Particularly in government, there is constant strife among conflicting parties that prevents any effective decisions to be made. Or when a political party builds sufficient momentum to make a decisive maneuver, it is nullified the by next party to take control before it is effected, or often even implemented. The net result of doing, undoing, redoing, and then trying something else is stagnation and decay.

This penchant for constant change has spread from the government to the industrial and commercial sectors, which are also showing stagnation and decline.

While it is claimed that something as significant in scale as a nation makes slow progress by taking small steps in the right direction, it is more accurate to observe that it makes no progress by taking small steps in random and contradictory directions. In such a situation, the downfall of the nation is an inevitability.

Distinctions in Democracies in Various Countries

Democracy itself is not a political agenda, but a political process that is used to accomplish political agendas. As has just been described, it is largely more effective in preventing anything from being accomplished.

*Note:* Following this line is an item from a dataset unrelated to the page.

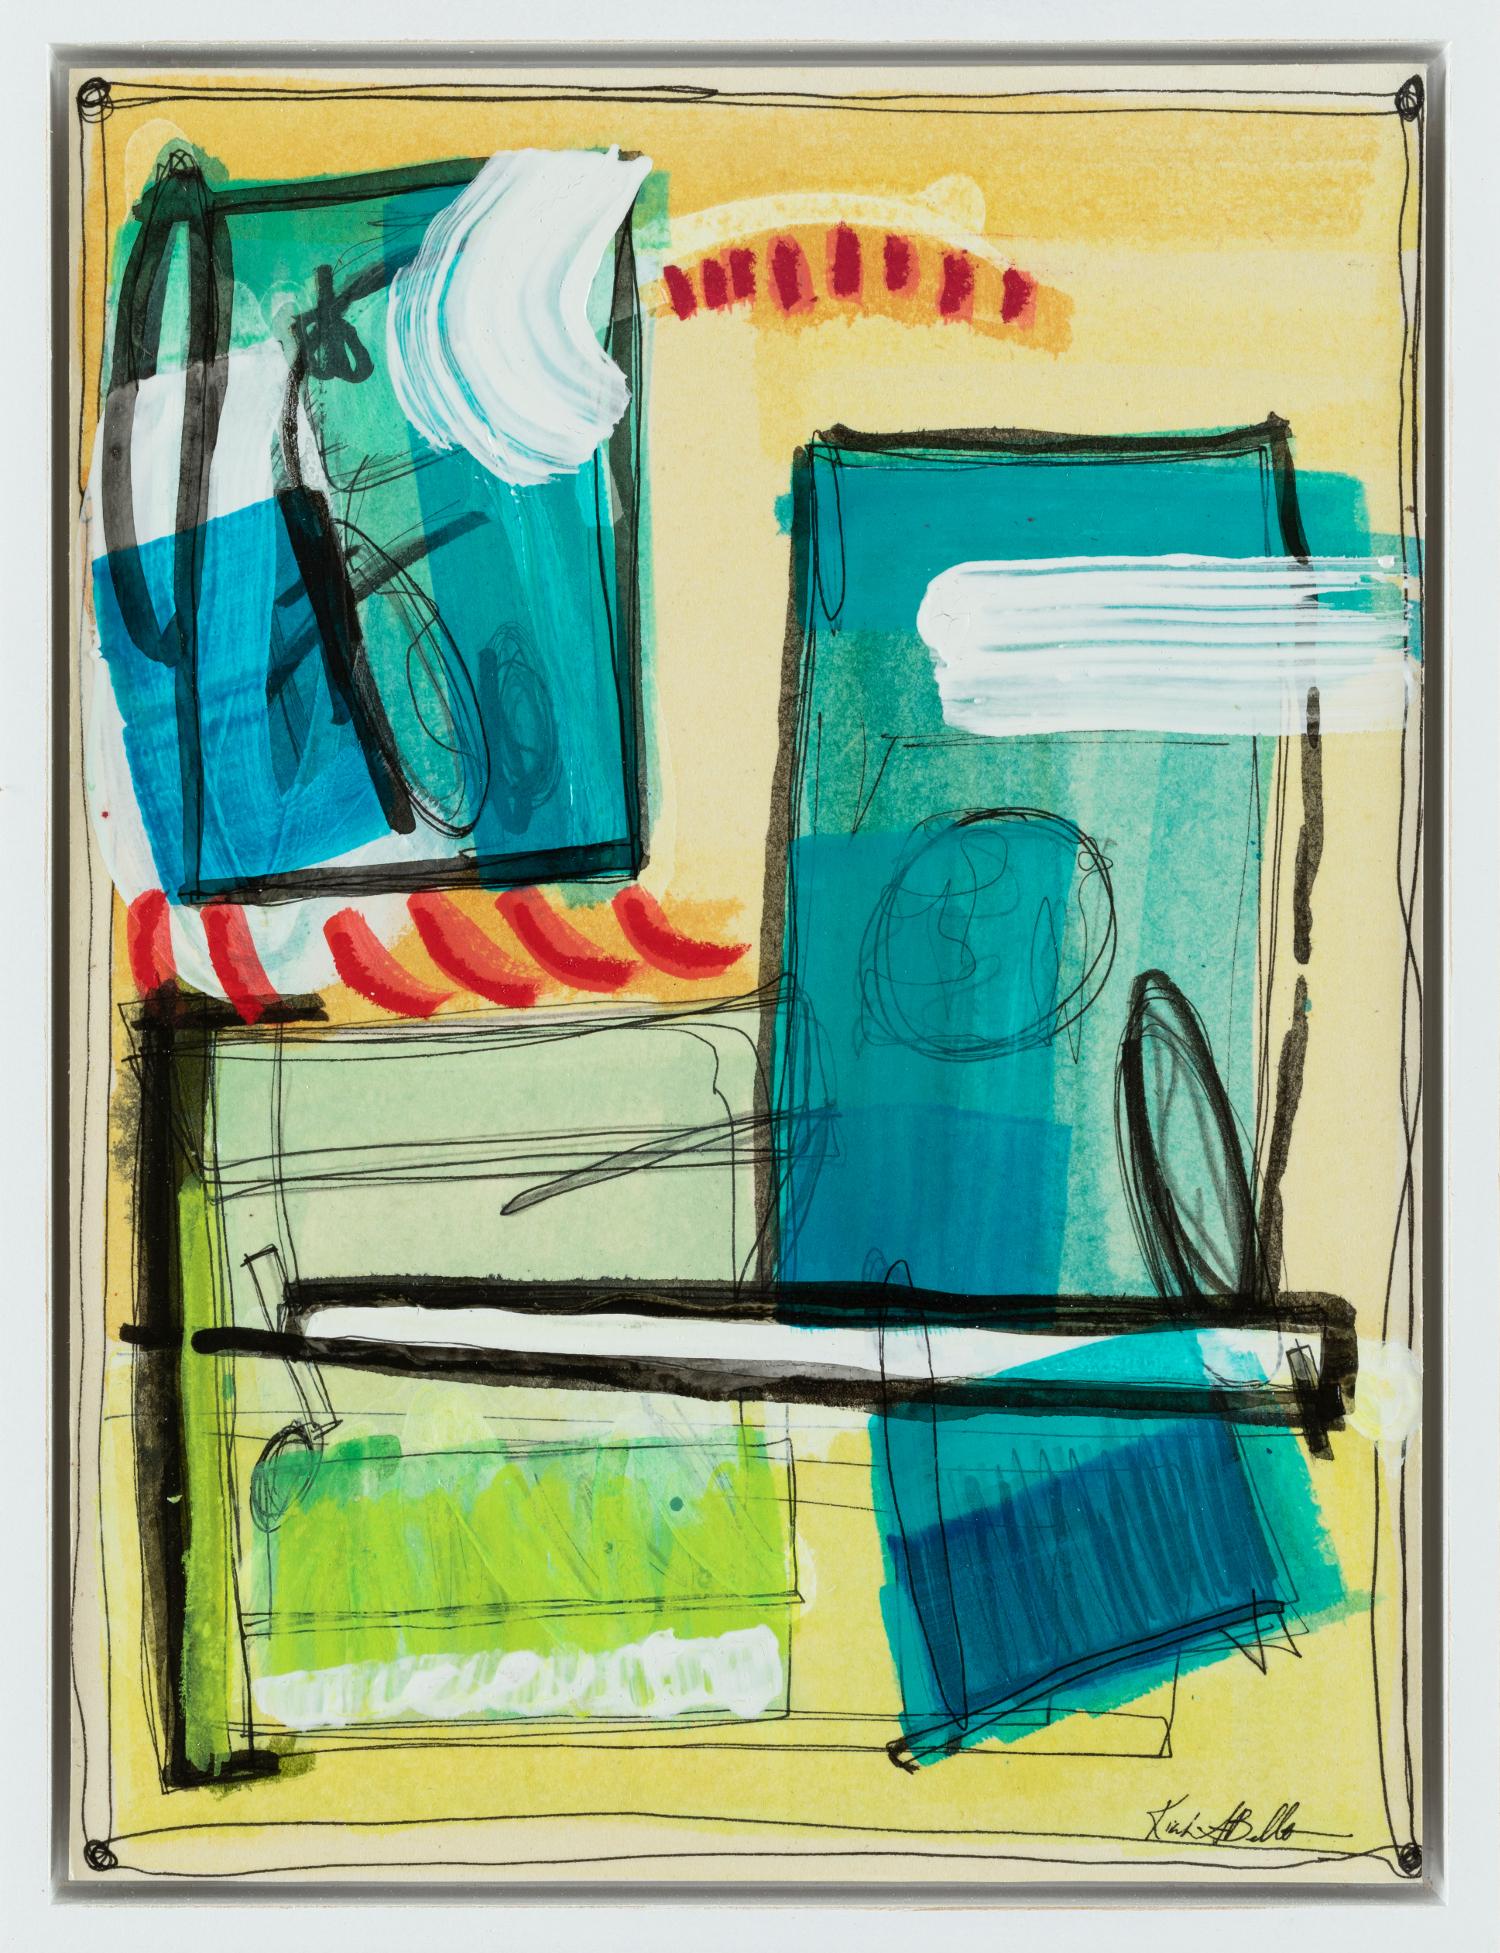 "Found Composition III - Kiah Bellows10"" x 13""Mixed media on board, framed$225"

Societies that tend to make the most progress have a consistency of purpose, though few purposes are ever unanimous in a large enough group of people. What generally happens is that some groups take power and consistently pursue their agenda, to the neglect of all others.

It is precisely the inequality of man that generally sorts out whose agenda is to be served by a society - those who hold power, whether by force or by control of assets, see their interests served. But the rule of the aristocracy is not democracy, but oligarchy.

When class distinctions are erased and men are made equal, there is no method of prioritizing the interests of one group over another, save by the size of the group. And as people are fickle about their politics, it can generally be observed that few groups can maintain a majority for long before they divide themselves up into factions.

Democracy in America is (at the author's time) far more effective than democracy in euripi, but this is not because of equality of men: if anything it is because of an inequality of fortune: those productive members of American society amass wealth and power, and have considerable influence.

While it was once the fashion of Americans to ally themselves of the old names of the European aristocracy, it has evolved it own aristocracy by means of merit. It is also observed that the poorest of Americans are without the bitterness and spite that characterizes the European peasant: because social rank is earned rather than bestowed by accident of birth, there is the notion and the hope that any person can rise through the ranks to earn their place in the aristocracy.

He cites a few European authors, who seem at once disgusted by and admiring of the American system - though the general agreement is that power by means of wealth is likely the only natural way to stratify a society, and as Europe casts off the last remnants of its romance with nobility, it will likely fall into the same.

He also seeks England and America as possessing a quality that most of Europe lacks: tolerance. The European mind is one of intolerance and hatred, which prevents effective collaboration among people - it matters not whether an idea is worth pursuing, if we have other reasons for despising the person who proposed it. This class/group hatred, so intense in continental Europe, is scarce seen in England and America - and for this reason people who are of different creeds and religions can collaborate on common goals, setting their incidental differences aside.